Perubahan bertahap ini merupakan bagian warisan almarhum Raja
Abdullah. Raja yang meninggal bulan
Januari 2015 lalu itu pada tahun 2011 mengeluarkan dekrit yang mengizinkan
perempuan untuk memilih. “Mulai pemilu mendatang, perempuan berhak mencalonkan
diri sendiri bagi keanggotaan di dewan kotamadya,” demikian sebagian isi dekrit
tersebut.
Kampanye merupakan proses yang tidak mudah bagi para kandidat
perempuan. Saudi memiliki aturan-aturan yang sangat tegas soal segregasi
(pemisahan) berdasarkan jenis kelamin, sehingga kandidat perempuan tidak bisa
menyampaikan pernyataan kepada para pemilih laki-laki kecuali ada partisi yang
membatasi mereka. Satu-satunya cara untuk mengkomunikasikan gagasan mereka
kepada para calon pemilih laki-laki adalah lewat anggota keluarga laki-laki.
Penyelenggara pemilu menyebutkan, hanya sekitar 130 ribu
perempuan terdaftar sebagai pemilih. Berbeda dengan Indonesia yang menerapkan
satu orang satu suara. Mereka harus mendaftar sebagai pemilih untuk mendapatkan
hak suara. Jumlah perempuan yang ikut pemilu di Arab Saudi pun disebut sangat
sedikit. Perbandingannya, pemilih laki-laki yang terdaftar sebanyak 1,35 juta
jiwa.
Salma al-Rashed merupakan perempuan pertama yang mendaftar
sebagai pemilih. "Rasanya sangat baik," katanya. "Perubahan
merupakan sebuah kata yang besar tapi pemilu merupakan jalan untuk memastikan
kami benar-benar diwakili," ujarnya.
Pemilihan umum jarang diadakan di Negara kaya minyak itu.
Pemilihan hari Sabtu (12/12) itu merupakan yang ketiga kalinya bagi warga untuk
memberikan suara di tingkat kotapraja. Almarhum Raja Abdullah, yang meninggal
pada bulan Januari 2015 lalu, mengeluarkan dekrit pada tahun 2011 yang
memberikan izin bagi perempuan untuk memilih.

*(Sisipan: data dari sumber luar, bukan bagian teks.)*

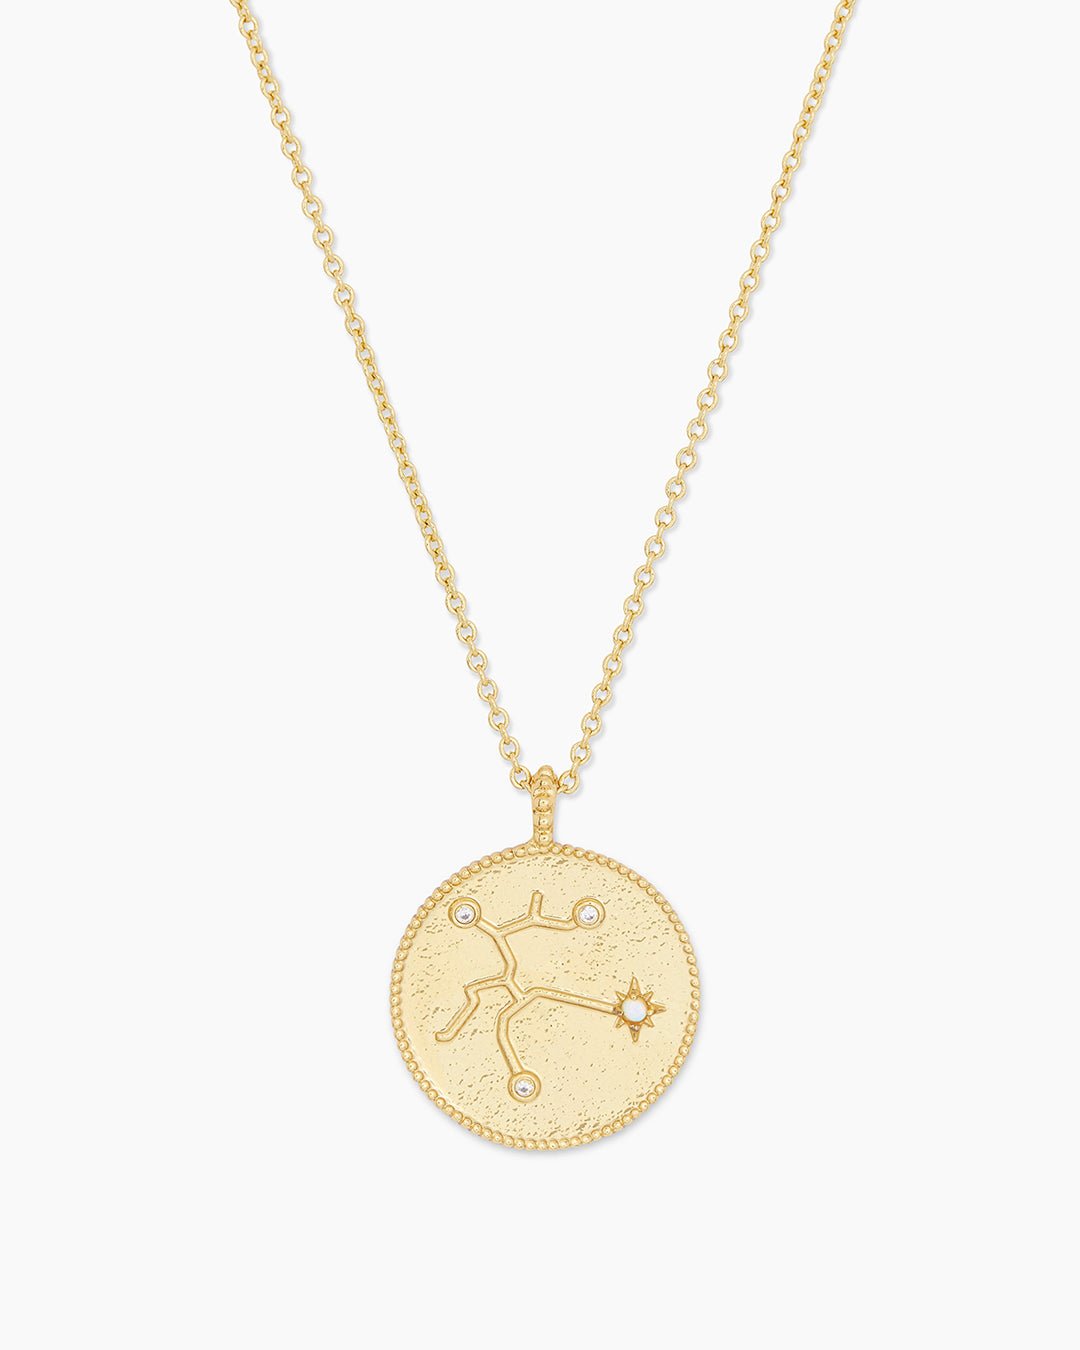  Astrology Coin Necklace (Sagittarius) || option::Gold Plated, Sagittarius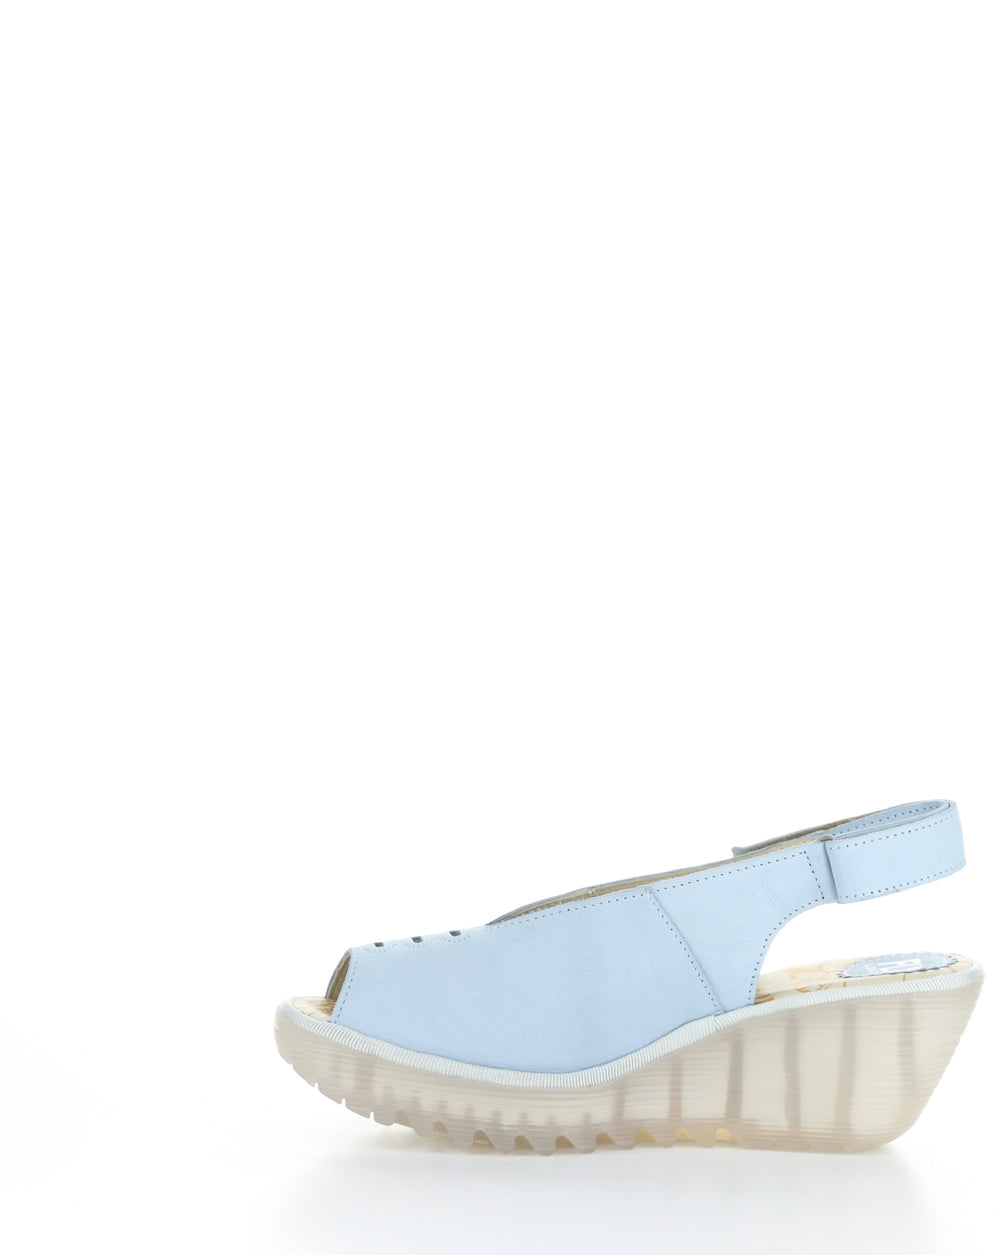 YEAY387FLY 010 SKY BLUE Velcro Sandals

Keputusan mengizinkan perempuan mengambil bagian dalam pemilu
telah dikeluarkan Raja Abdullah. Ketika mengumumkan reformasi, Raja Abdullah
mengatakan perempuan di Arab Saudi telah menunjukkan posisi untuk menyampaikan
pendapat dan saran secara benar.
Sebelum meninggal pada Januari 2015, dia menunjuk 30 perempuan
di negara itu sebagai penasihat Dewan Syariah.
Dan Pemilu akhir pekan lalu memperebutkan 2.100 kursi dewan.
Sekitar 1.050 wakil akan mengisi kursi tambahan melalui mekanisme penunjukan
dengan persetujuan raja.
Hasil dari Pemilu di akhir pekan itu, sebagaimana dilaporkan Belfast
Telegraph (14/12), sebanyak 20
perempuan terpilih untuk memenuhi kursi dewan daerah.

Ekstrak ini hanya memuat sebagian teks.